» **Available data**:

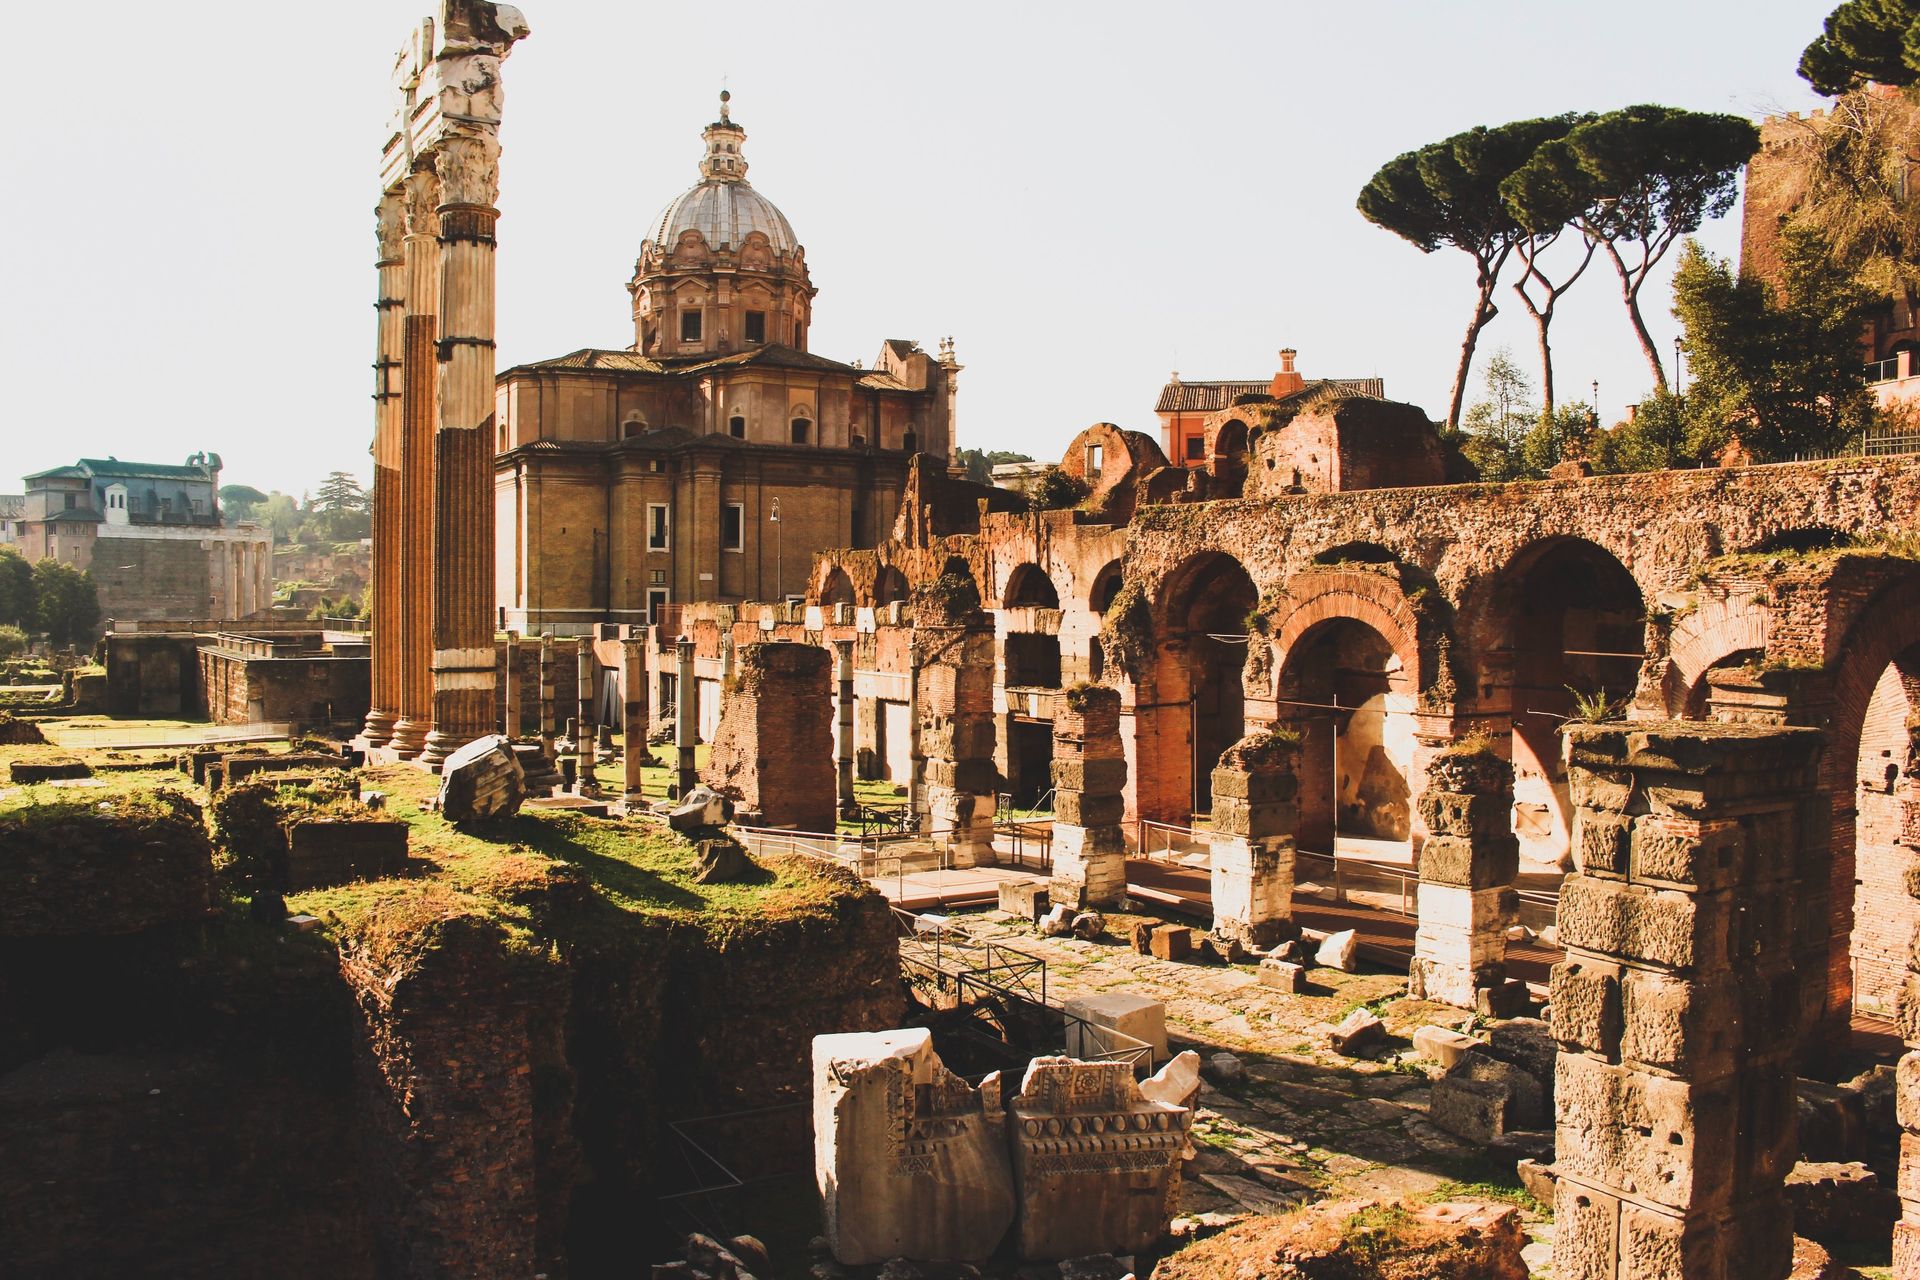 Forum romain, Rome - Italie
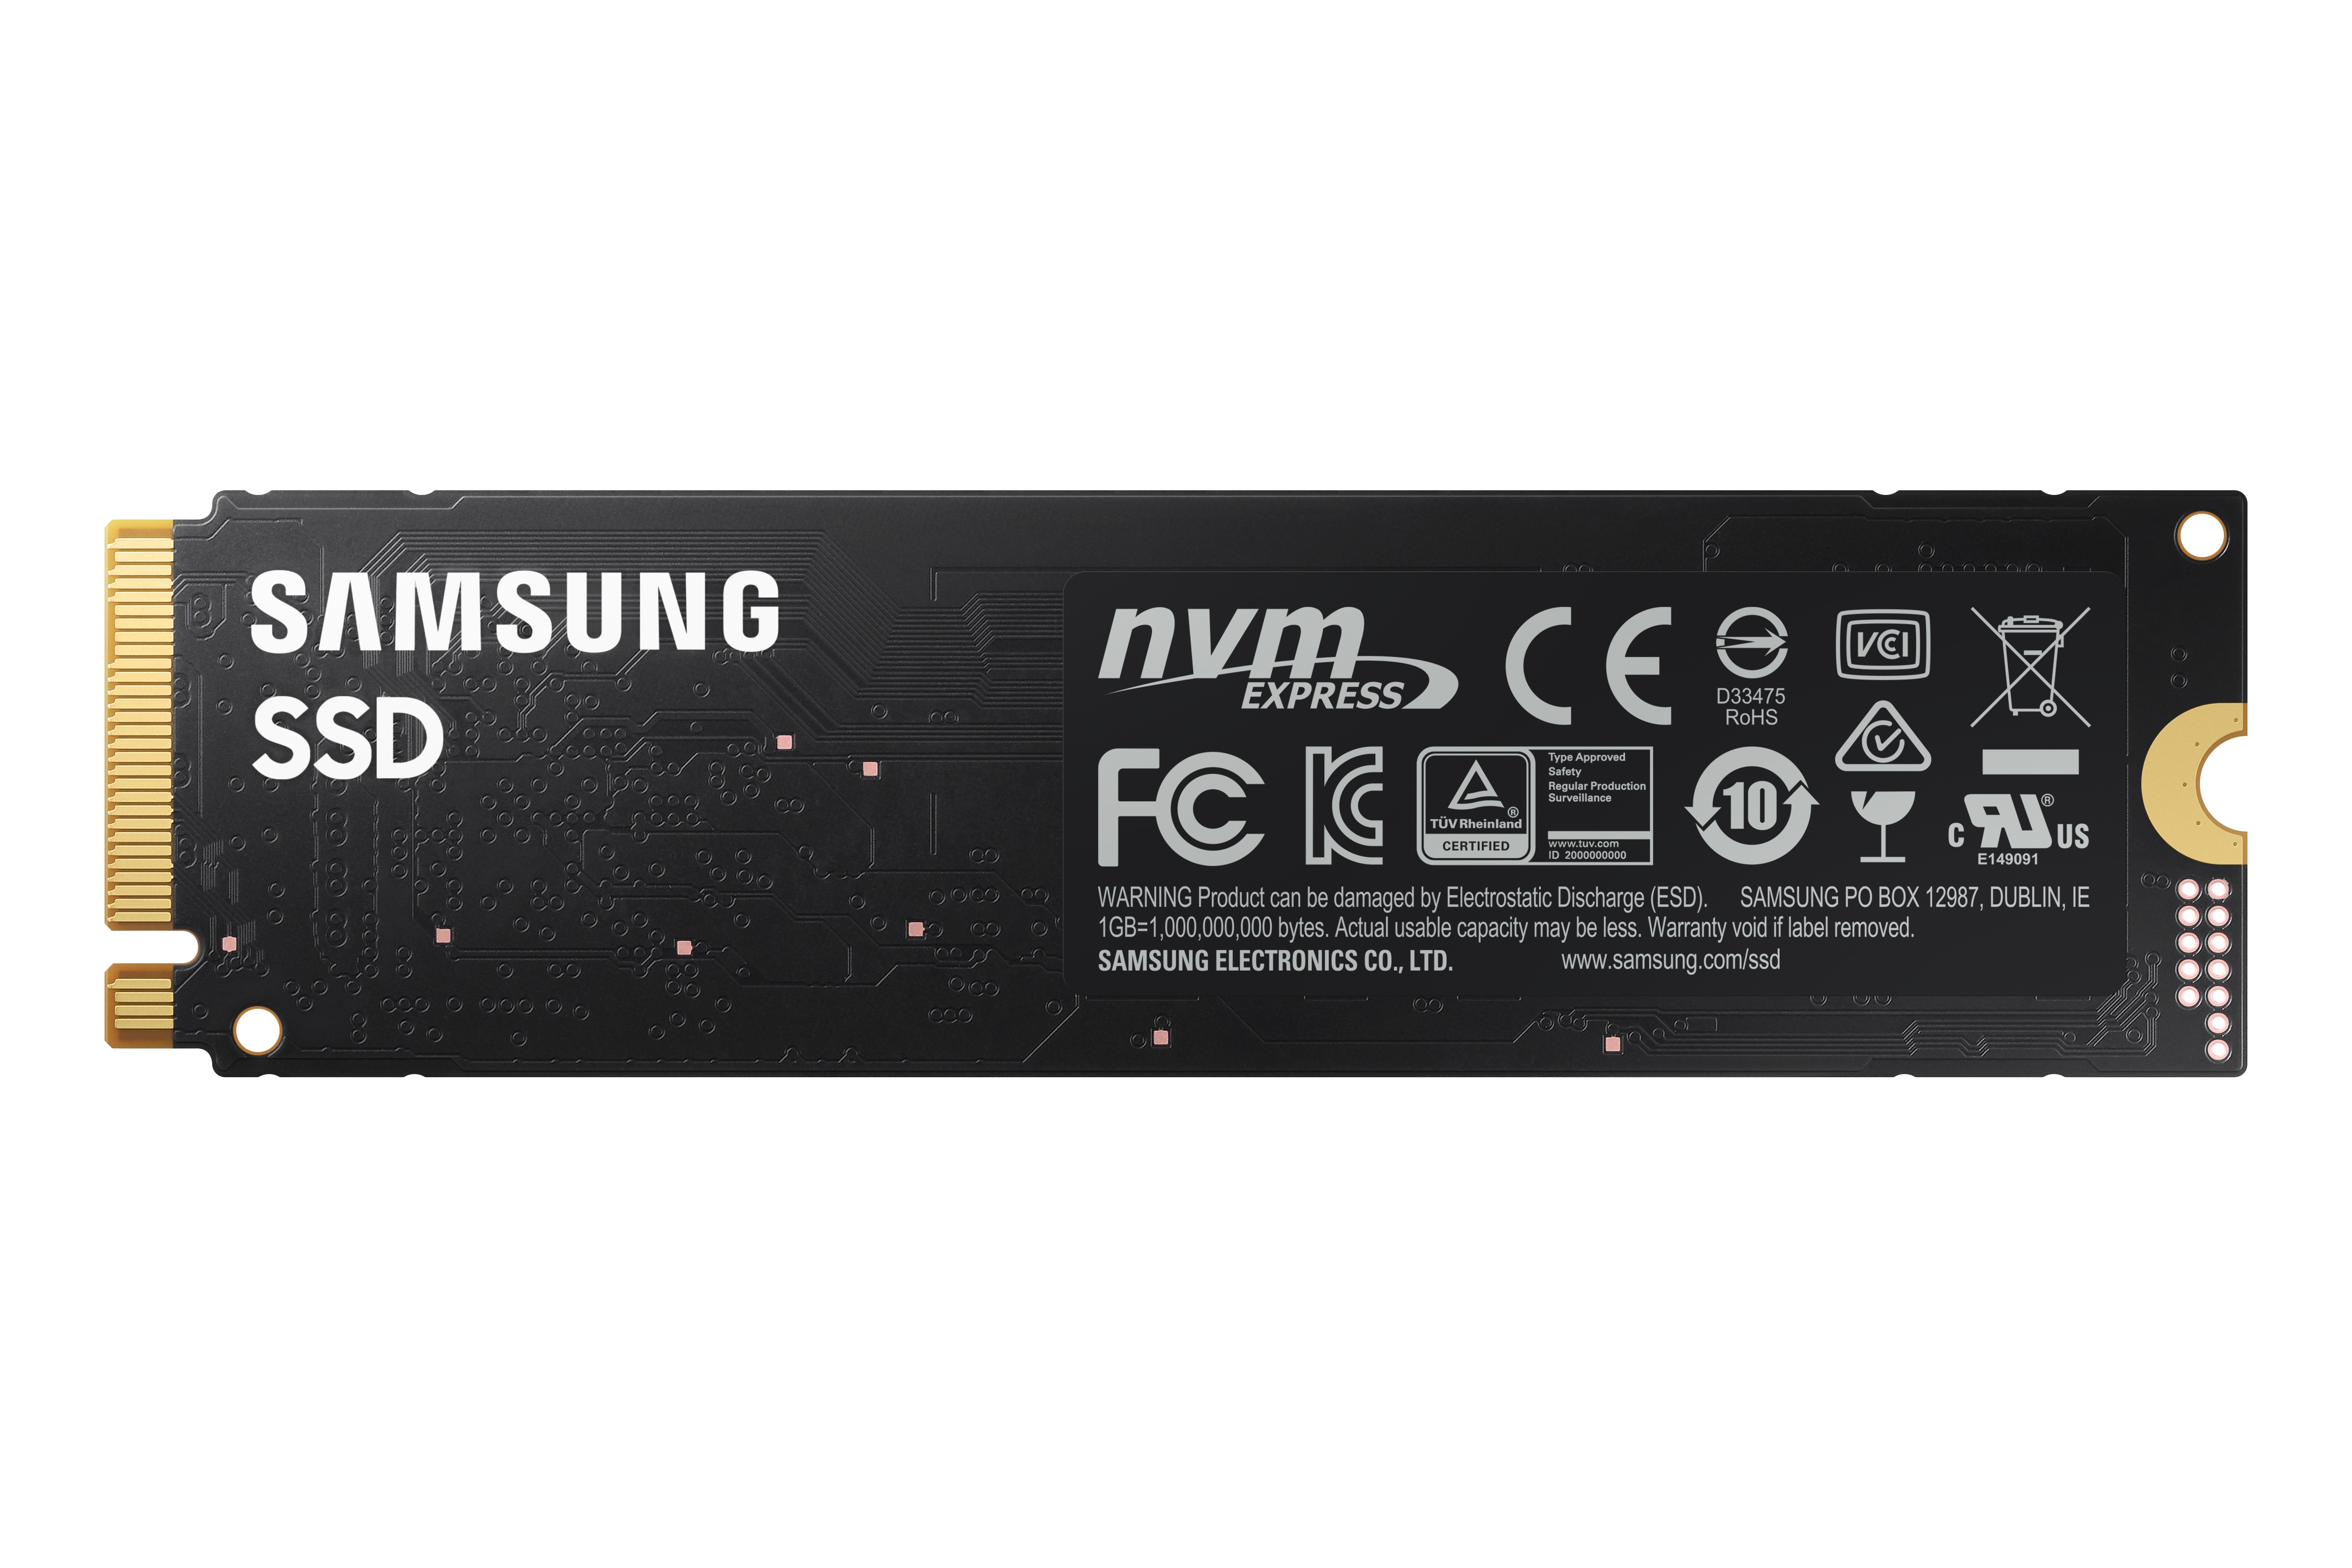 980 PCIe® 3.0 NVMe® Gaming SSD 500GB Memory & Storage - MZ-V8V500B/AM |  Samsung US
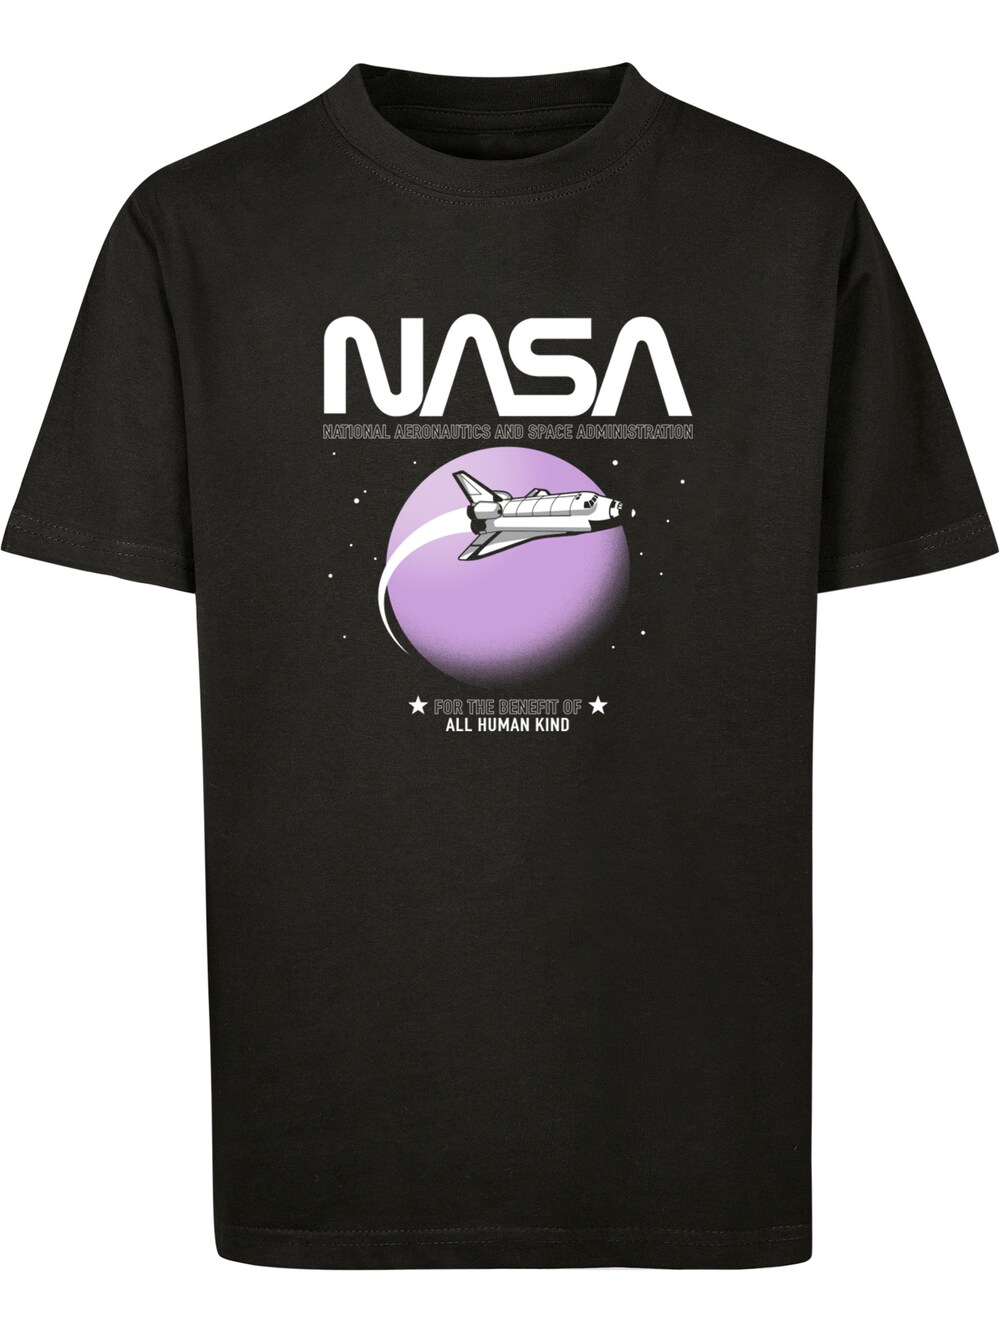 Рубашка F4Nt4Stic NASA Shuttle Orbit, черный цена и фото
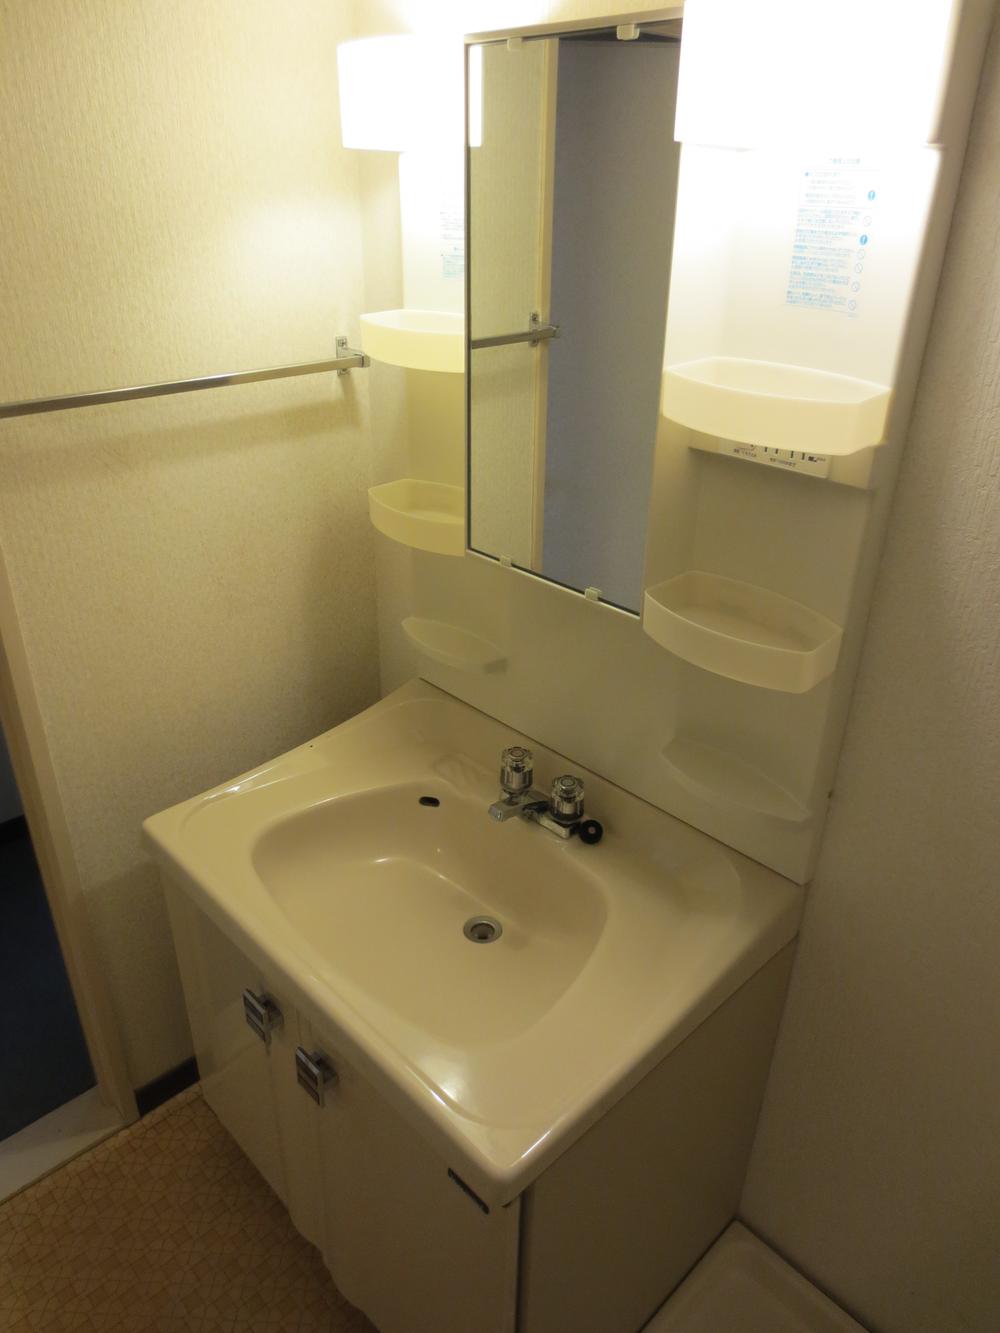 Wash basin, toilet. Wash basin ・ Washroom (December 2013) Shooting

» **Exercise description**:
Copy the data above word for word. Pictures stay out.

» **Response**:
 Forum romain, Rome - Italie
 980 PCIe® 3.0 NVMe® Gaming SSD 500GB Memory & Storage - MZ-V8V500B/AM |  Samsung US
 Рубашка F4Nt4Stic NASA Shuttle Orbit, черный цена и фото
 Wash basin, toilet. Wash basin ・ Washroom (December 2013) Shooting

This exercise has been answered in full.